Like previous novels, here Sharon Bolton excels with vividly described settings (I felt I was back in Cambridge) and distinctively imagined characters, though I must confess Dr. Joe’s police officer mother struck me as a trifle OTT. I was surprised by the absence of Bolton’s characteristically fiendish plot twists. Of course there are red herrings and innocent characters who look as if they might be guilty, but before half-way it was obvious what was going on with Felicity. Normally I think it’s a flaw in a book if I suss it out too soon, but here I liked it that the author is playing fair with the reader, rather than having a minor character jump out of the wings to reveal a secret (as in Daisy in Chains).

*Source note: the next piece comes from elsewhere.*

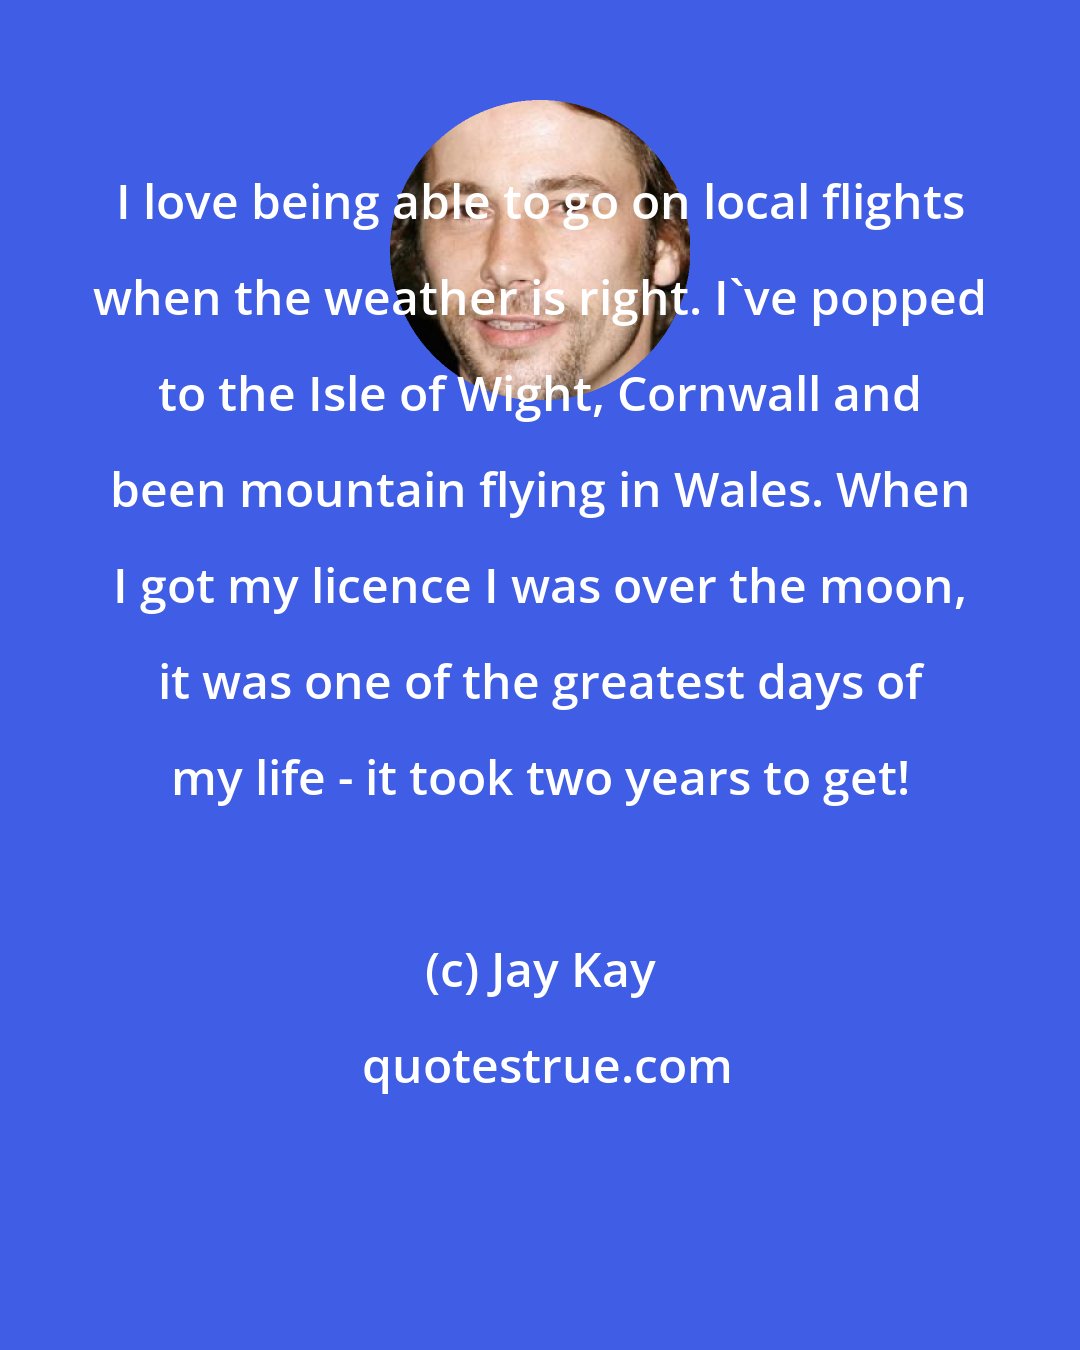 Jay Kay: I love being able to go on local flights when the weather is right. I've popped to the Isle of Wight, Cornwall and been mountain flying in Wales. When I got my licence I was over the moon, it was one of the greatest days of my life - it took two years to get!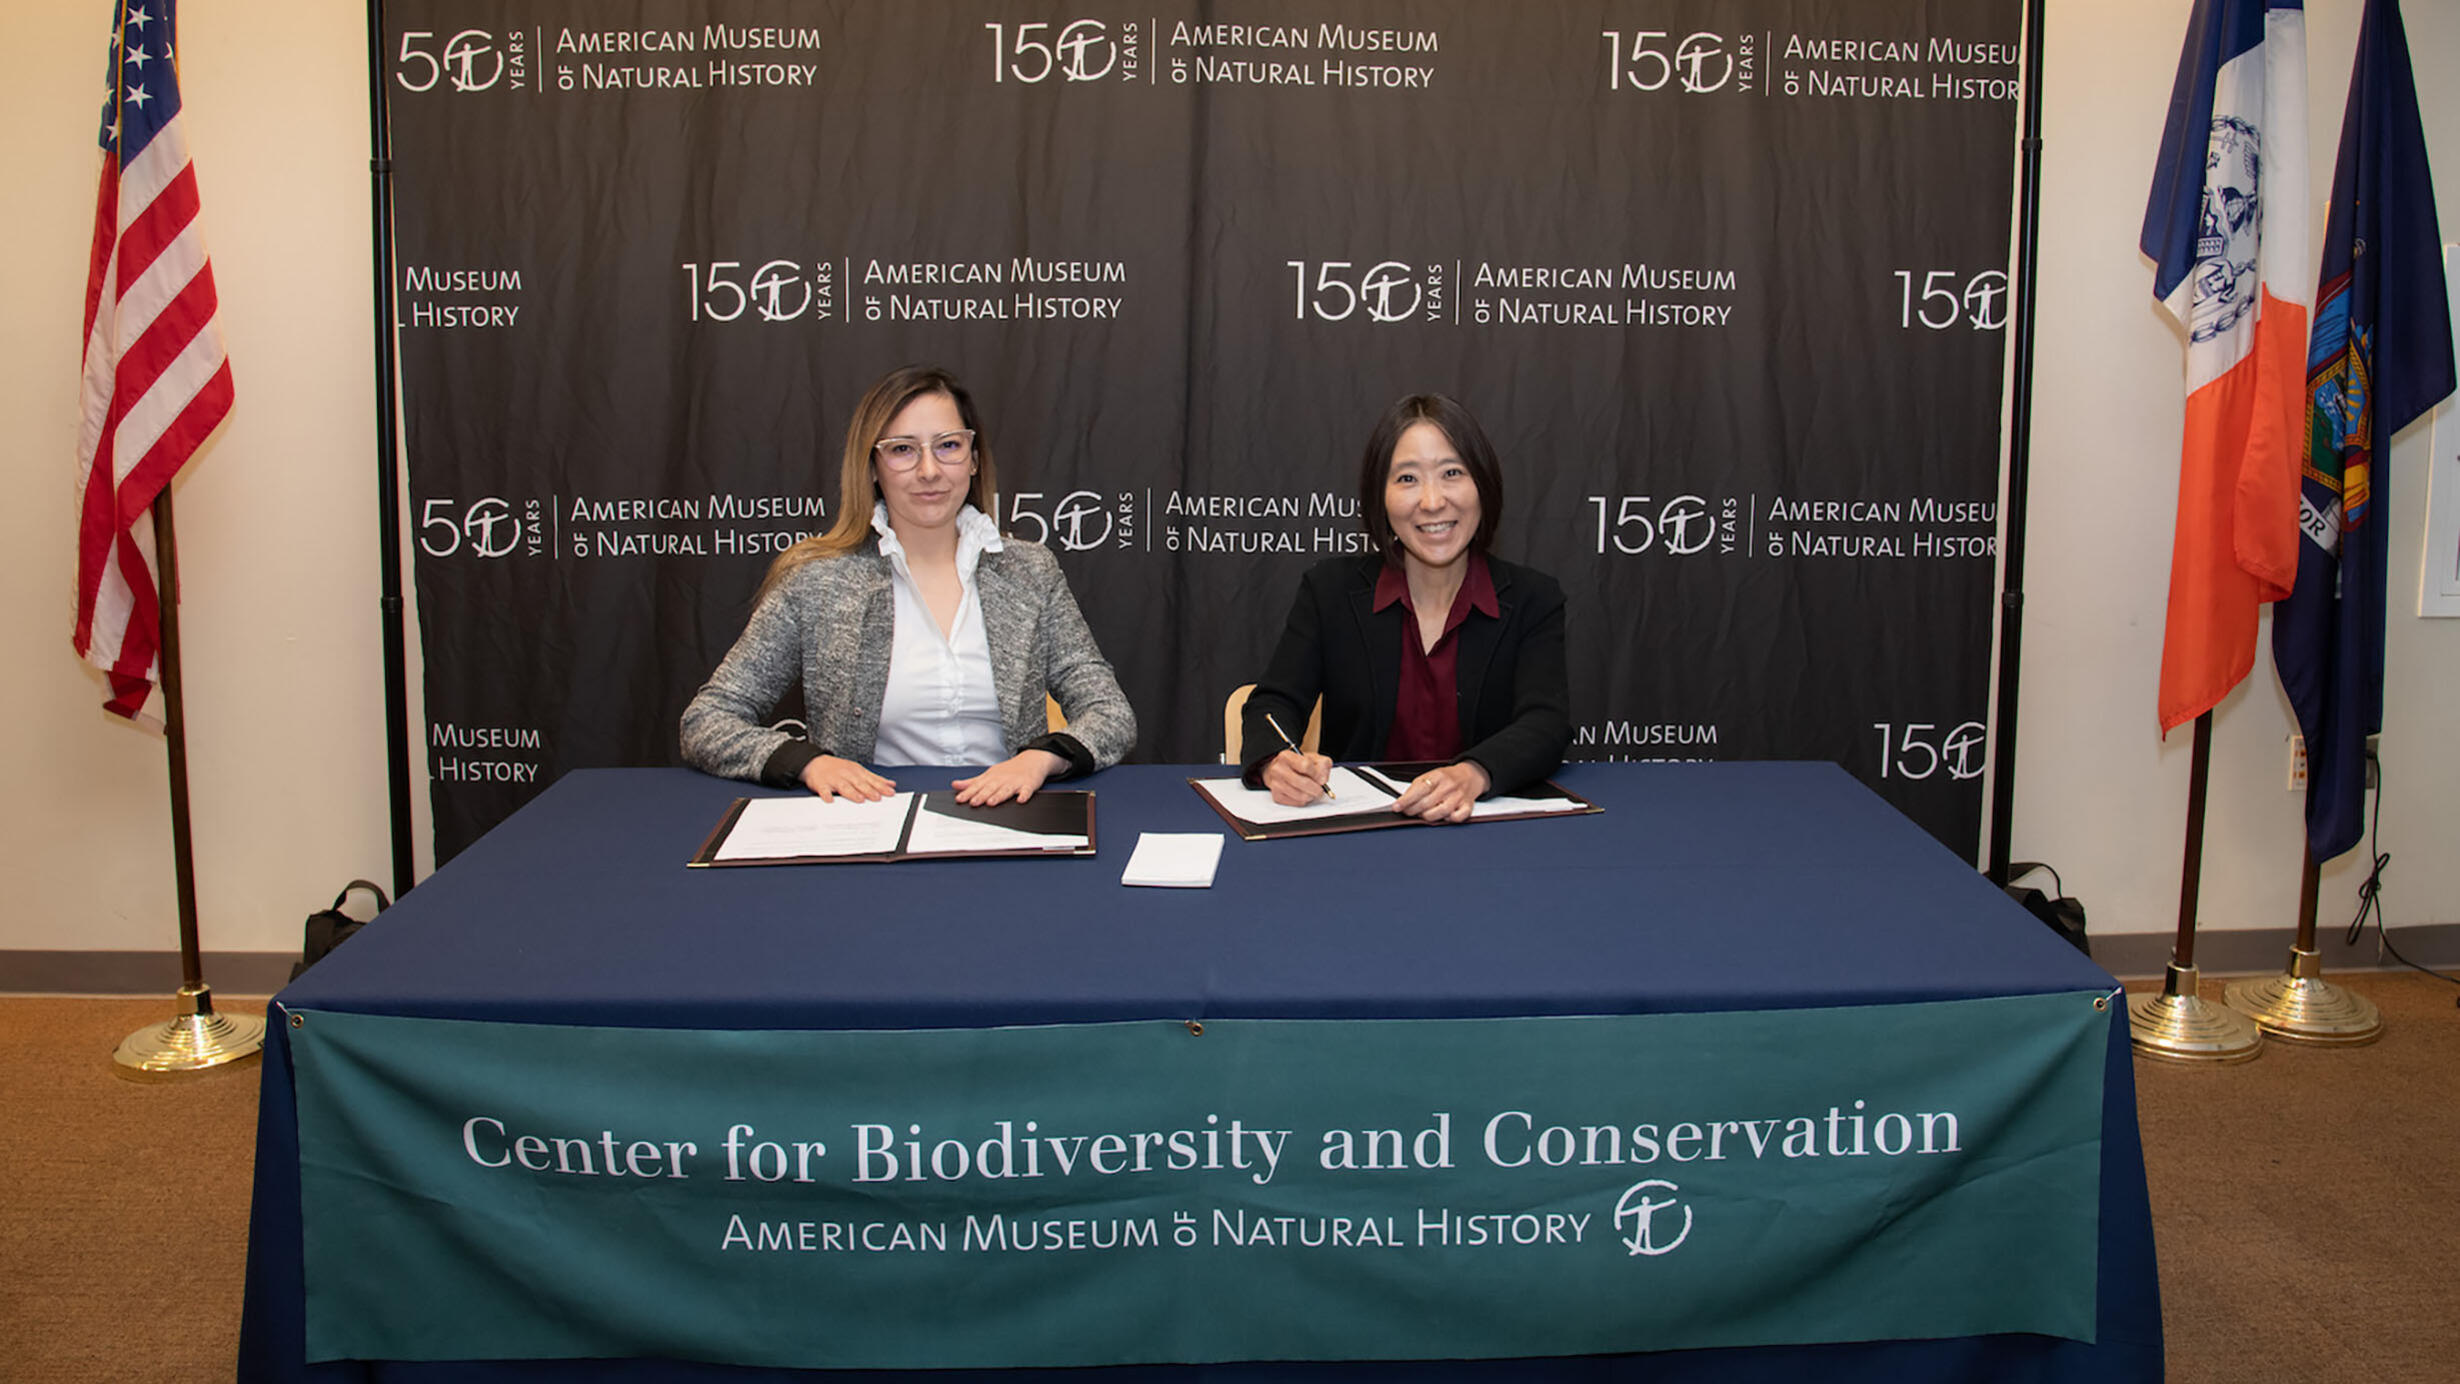 Two people seated at a table with a Center for Biodiversity and Conservation banner.

The Split is a very quick read; I scarcely put it down. But I didn’t enjoy it as much as Sharon Bolton’s very best, Now You See Me. Found it more on the level with Dead Woman Walking. I fear as well that it will not repay perusing again. As I tried to get to sleep last night after finishing it, new questions kept bothering me. With her deprived background, just how did Felicity manage to graduate Cambridge with an advanced degree and become a scientist? How was she unaware of the details of her childhood trauma, which was a local sensation still recalled a quarter of a century later? And how did one of the characters have the physical fitness and skills (as well as lacking essential equipment, like even an ice axe) to tackle the glaciers of South Georgia? But ignoring the implausible, a very engaging read.

Though I’d award only 4 stars for execution and believability, setting and characters deserve 5.